NAIROBI, June 3 – Commuters from Nairobi’s Eastland area were forced to trek to the city centre on Tuesday after matatus operators plying the route grounded their vehicles to protest what they termed as ‘unfair competition’.
Hundreds of Public Service Vehicles (PSVs) plying the route were parked at fuel stations and trading centres causing a major transport crisis.
The operators have been on a collision path with the government since the beginning of the year when they were ordered to relocate to a new terminus at Muthurwa, about two kilometres from the city centre.
Only a few transport companies were given access to the City, prompting outcry from other operators.
Vehicles operated by bus companies Kenya Bus, Double M and City Hoppa are among those that enjoy exclusive rights on the route.
On Tuesday, they resorted to grounding their vehicles to protest the move among other grievances, which they said affected their business adversely.
“This is unfair competition; the government should provide a level playing ground for all of us. That is why we have decided to ground our vehicles,” a Matatu operator in Buru Buru said.
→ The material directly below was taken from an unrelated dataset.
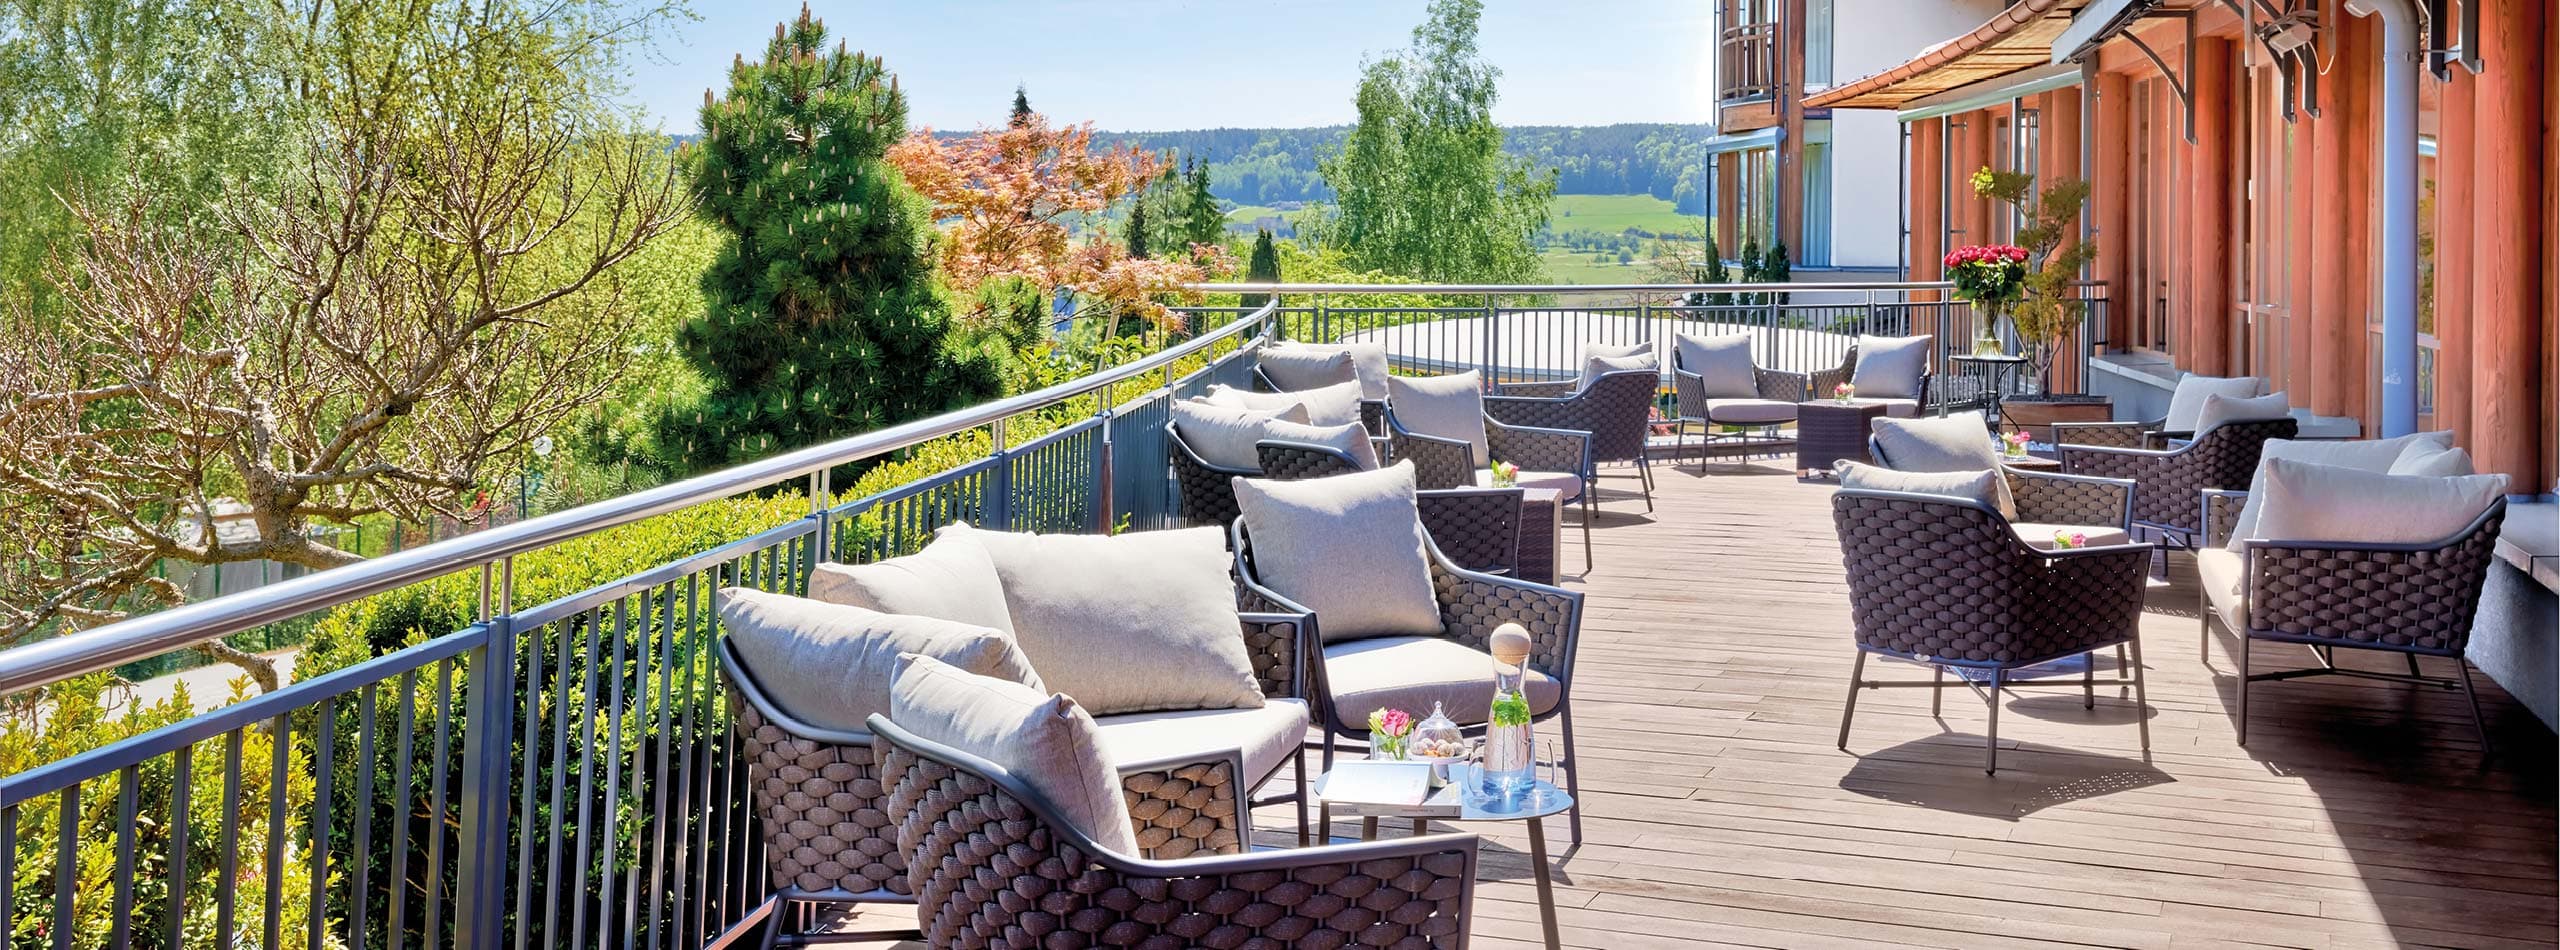 Our hotel in Bad Waltersdorf – the Mandira’s sun terrace

No major incidents of violence were reported by mid-morning but police said they were on high alert to avert any possible confrontation.
There were reports of a few matatus stoned in Shauri Moyo and Maringo estates at about 7 am but no casualties were reported.
Police said those stoned were the ones which defied the strike and went on to ferry passengers to town.
“We are on high alert in case they (matatu operators) turn chaotic,” said Julius Ndegwa the Nairobi deputy Provincial Police chief.
Truck loads of anti-riot officers were seen parked at strategic positions in various parts of Eastland where police anticipated trouble.
Maina Muiruri, a matatu driver on route 58 said the government’s order to relocate them to the Muthurwa terminus had made business difficult.
“We are not making any profits because of the congestion at the terminus. We spend a lot of time queuing to wait for passengers at the terminus,” Muiruri said.
Jogoo Road that serves the Eastlands part of the city is considered one of the busiest routes in Nairobi.
The route serves Buru Buru, Umoja, Kayole, Komarock and Embakasi, which are among the densely populated city estates.
Matatu Owners Association (MOA) Chairman Simon Kimutai blamed the crisis on the government, which he accused of shunning dialogue that would solve the problem with finality.
He said the crisis may worsen if grievances raised by the operators are not addressed in time.
“The crisis may become even worse because the challenges the operators are facing need urgent intervention,” he told Capital News on telephone.
Other objections raised by the operators include a poor work environment as a result of dust at the terminus and insecurity.
They say many commuters avoid going to the terminus for fear of being attacked or robbed by muggers especially at night and in the early morning hours.